Rating Methodology

The first time a Scotch is being rated, a fairly rough outline is followed:

  1. Being honest, God fearing individuals, all pours are neat (or with a few drops of distilled water, depending on the reviewer).  No ice cubes are involved in the rating process unless specified by the Scotch itself.
  2. The Scotch is swirled, smelled, sipped, sometimes gargled but never boiled.  Everyone provides a couple of adjectives which are used for “Word(s) on the Street”.**
  3. As the tasting turns to drinking, the situation rapidly devolves.  The resulting quotations are appended to the “Word(s) on the Street”.**
  4. The bottle, box and / or packaging are all examined and a few “Pros, Cons and Neutralities” are derived as appropriate.
  5. The Copy of the box is reviewed with all obviously true statements being underlined.  Anything blatantly false gets stricken.  All remaining text can be taken as either innocuous or as indicating an unreachable consensus.
  6. A conversation is held to determine the best location for consuming the Scotch.  This process usually takes several minutes and includes a number of careful considerations such as attire, seating arrangements and the potential for animal involvement.  The classification of the Scotch is usually fairly apparent at this point.
  7. Taking into consideration everything from the previous steps, current level of intoxication and all former Scotches, a final rating is chosen.  Scores range from 1 to 5, in half steps with a “+” or “-” indicating a slight lean in one direction or another.

**It is important that steps two and three take place prior to review of the box and its associated copy.

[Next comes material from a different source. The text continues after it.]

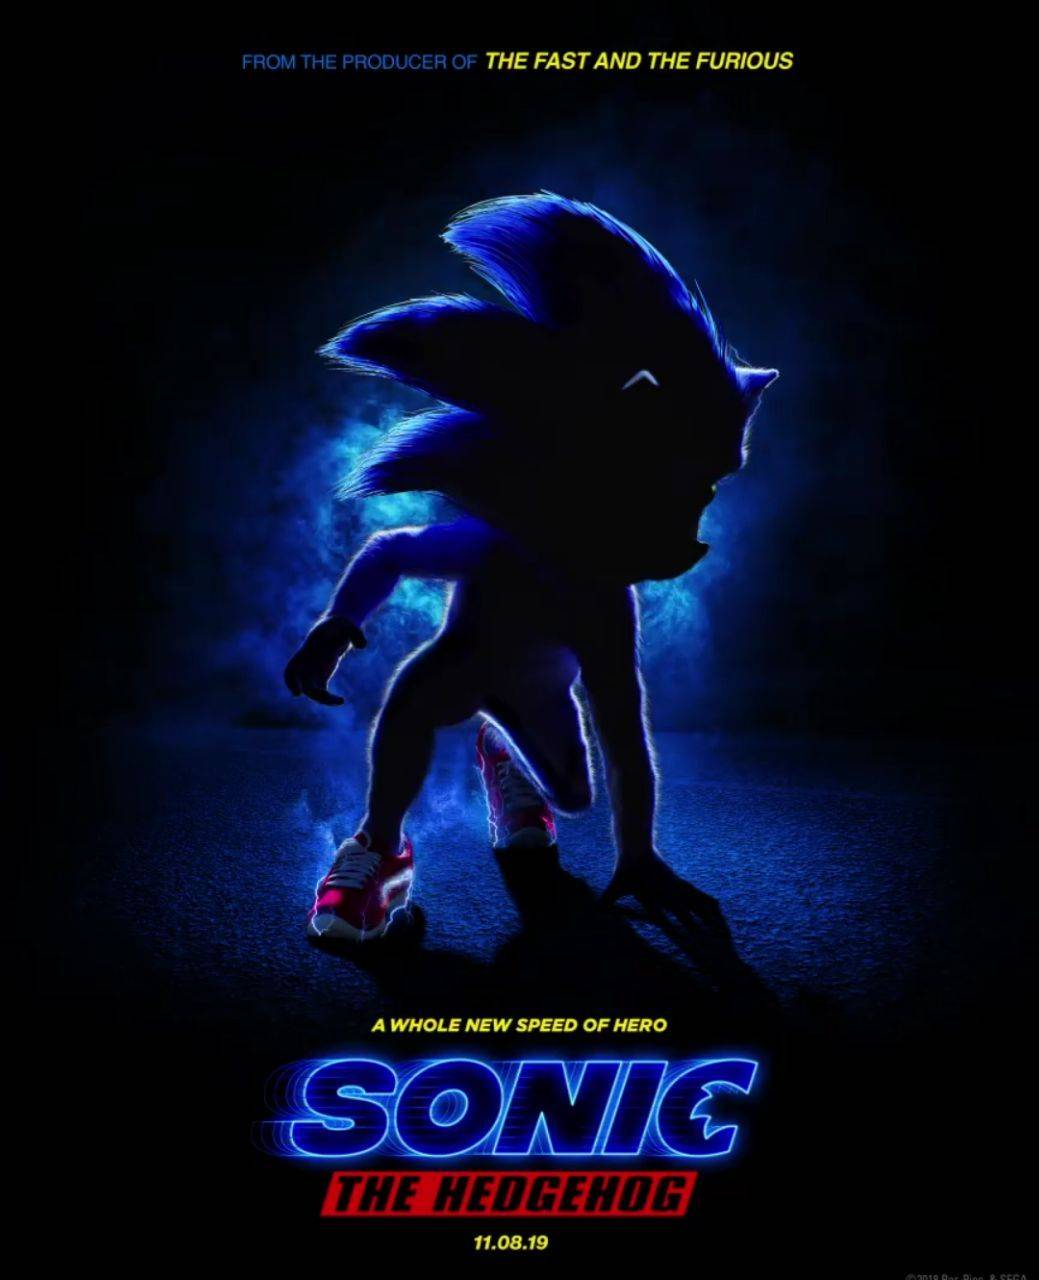 Resultado de imagen para sonic the hedgehog poster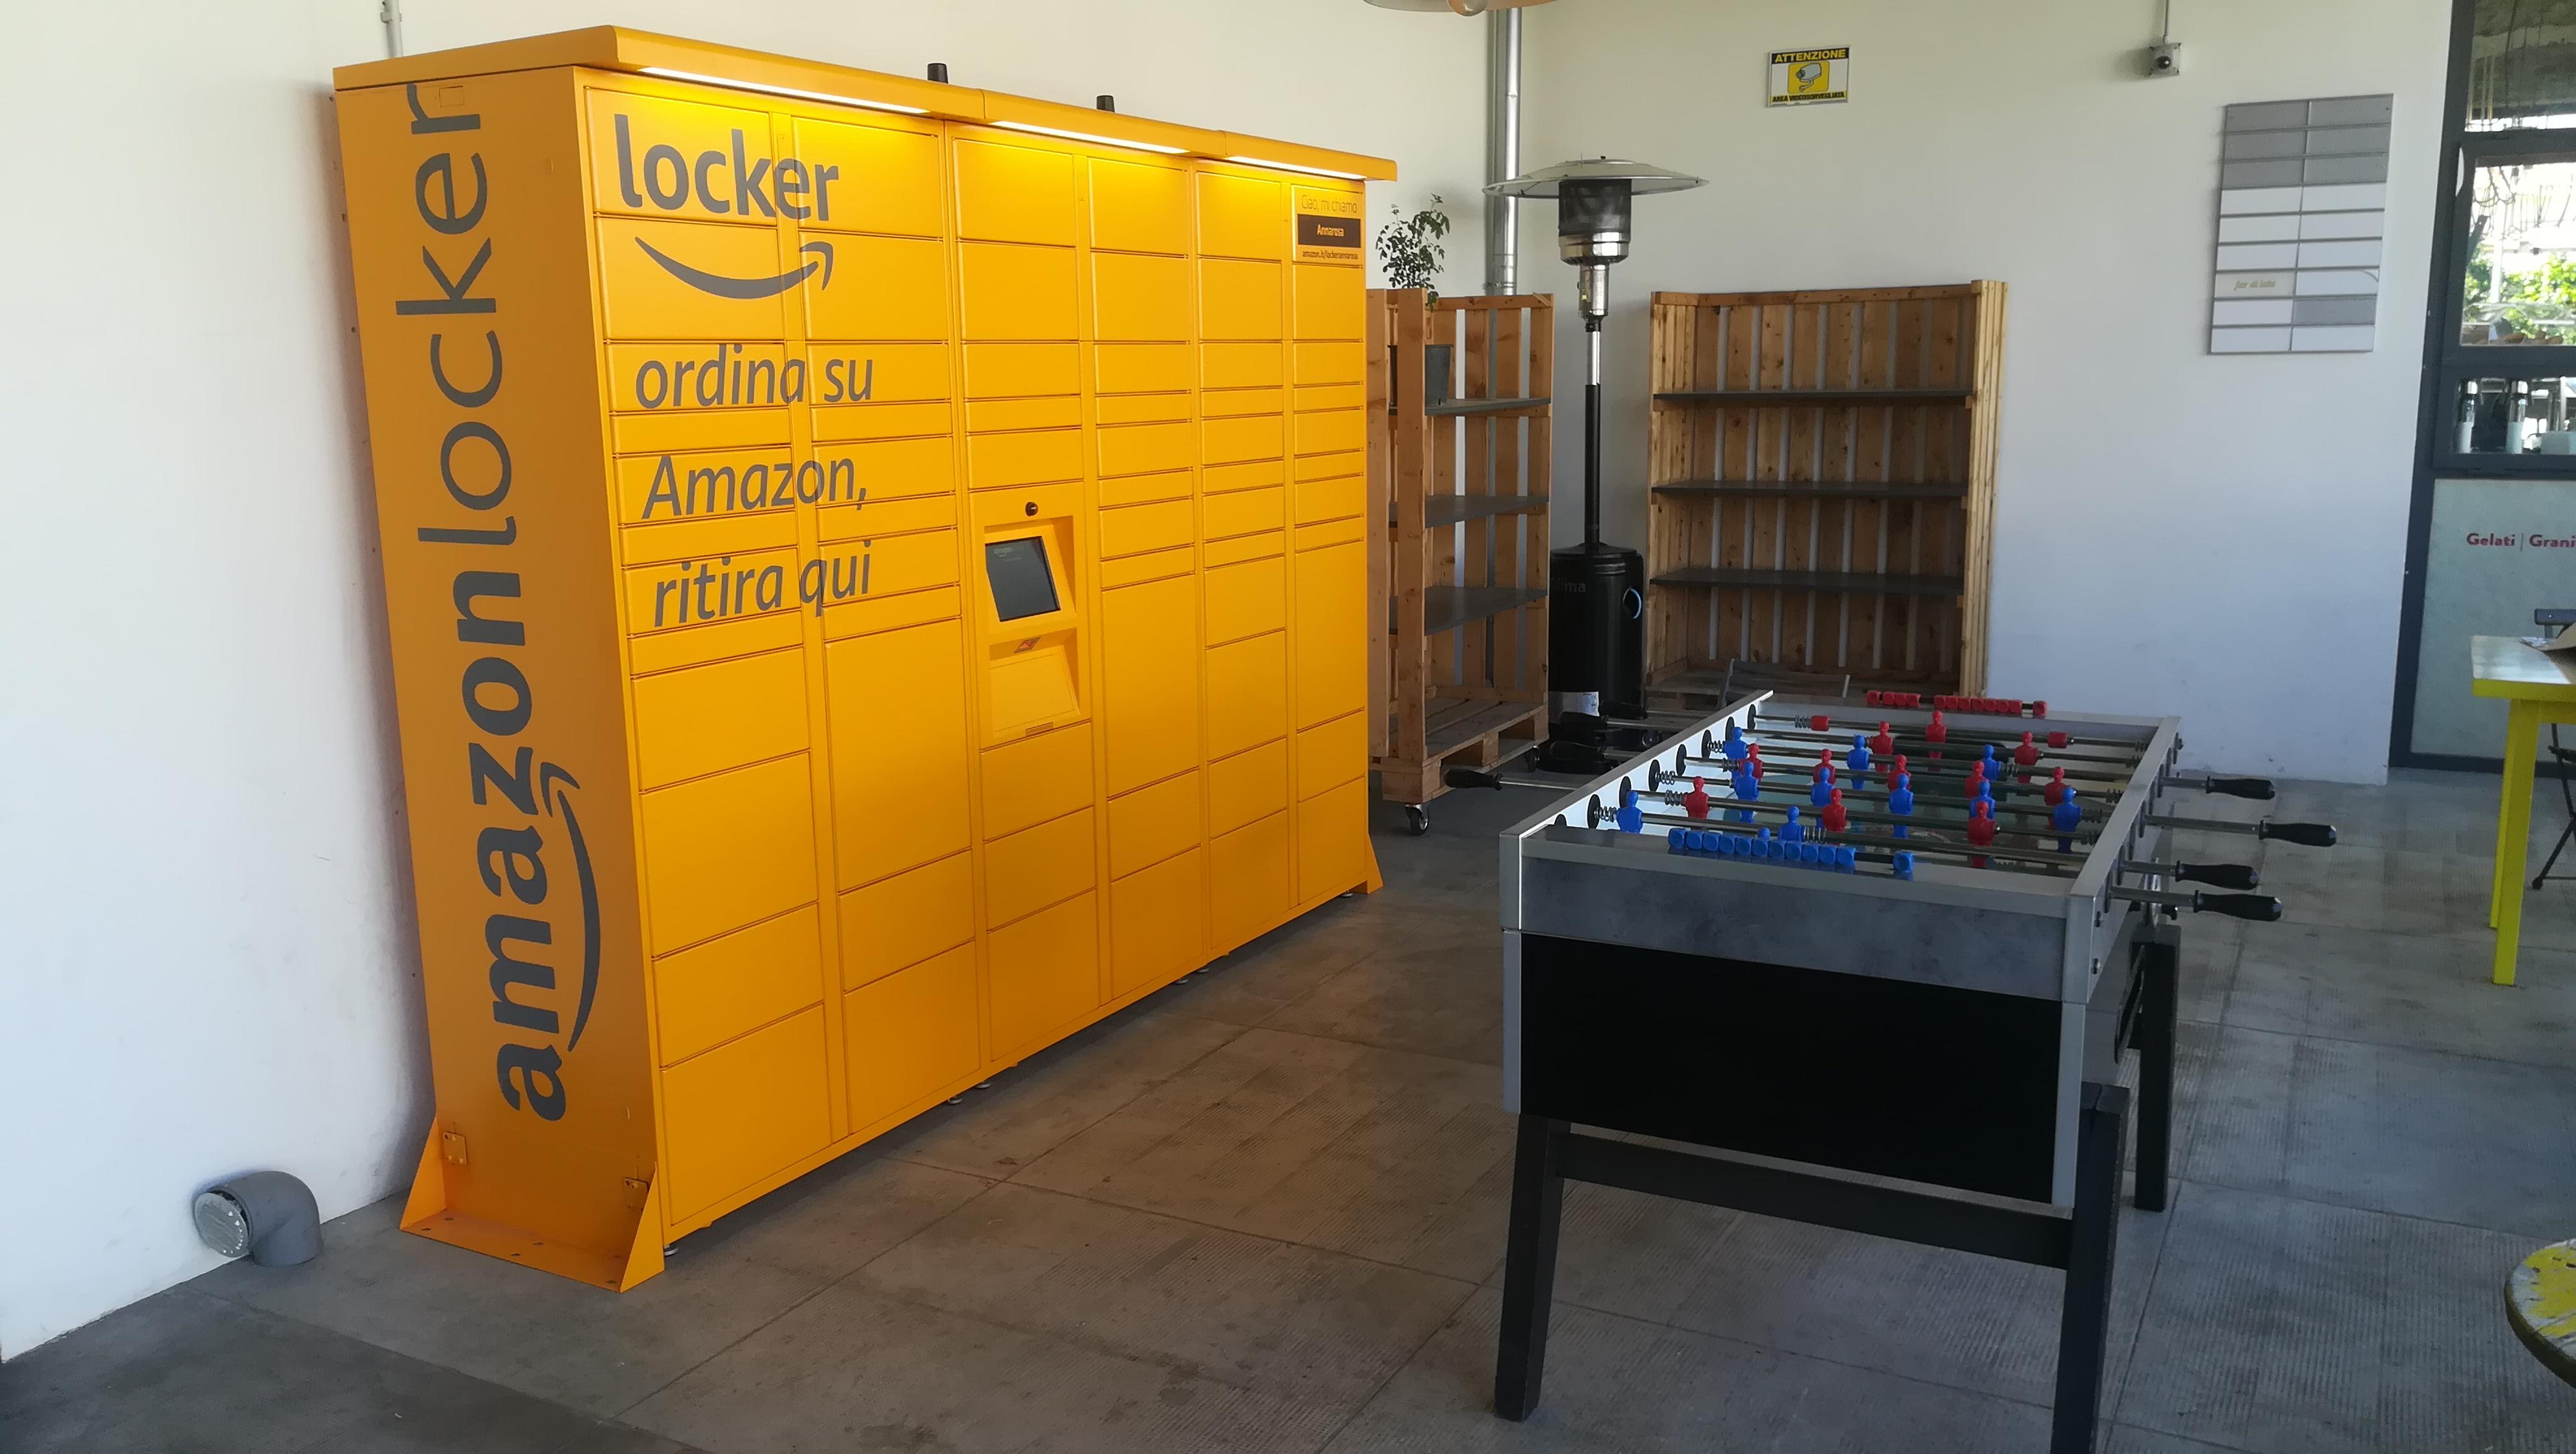 amazon locker SanLorenzo Mercato

Purchasing full bottles affords a periodic revisiting of previous assessments. Ratings and opinions can (and WILL) change as a reflection of increased experience.  For example, Speyburn (the first Scotch reviewed) was originally rated a 3 / 5.  By the tenth Scotch, that number was changed thrice yielding first a 2.5, then a 1.5+ and now a flat 2.

In the case of changing ratings, clearly documenting the updates and differentiating the changes is difficult in this medium.  Bearing that in mind, care is taken to ensure all of the developing views and comments are retained in a hard copy notebook.  The book itself is locked carefully away so as to prevent tampering by Scotch industry spies, however scans of the hard copy sheets are available and will eventually be made accessible within the reviews.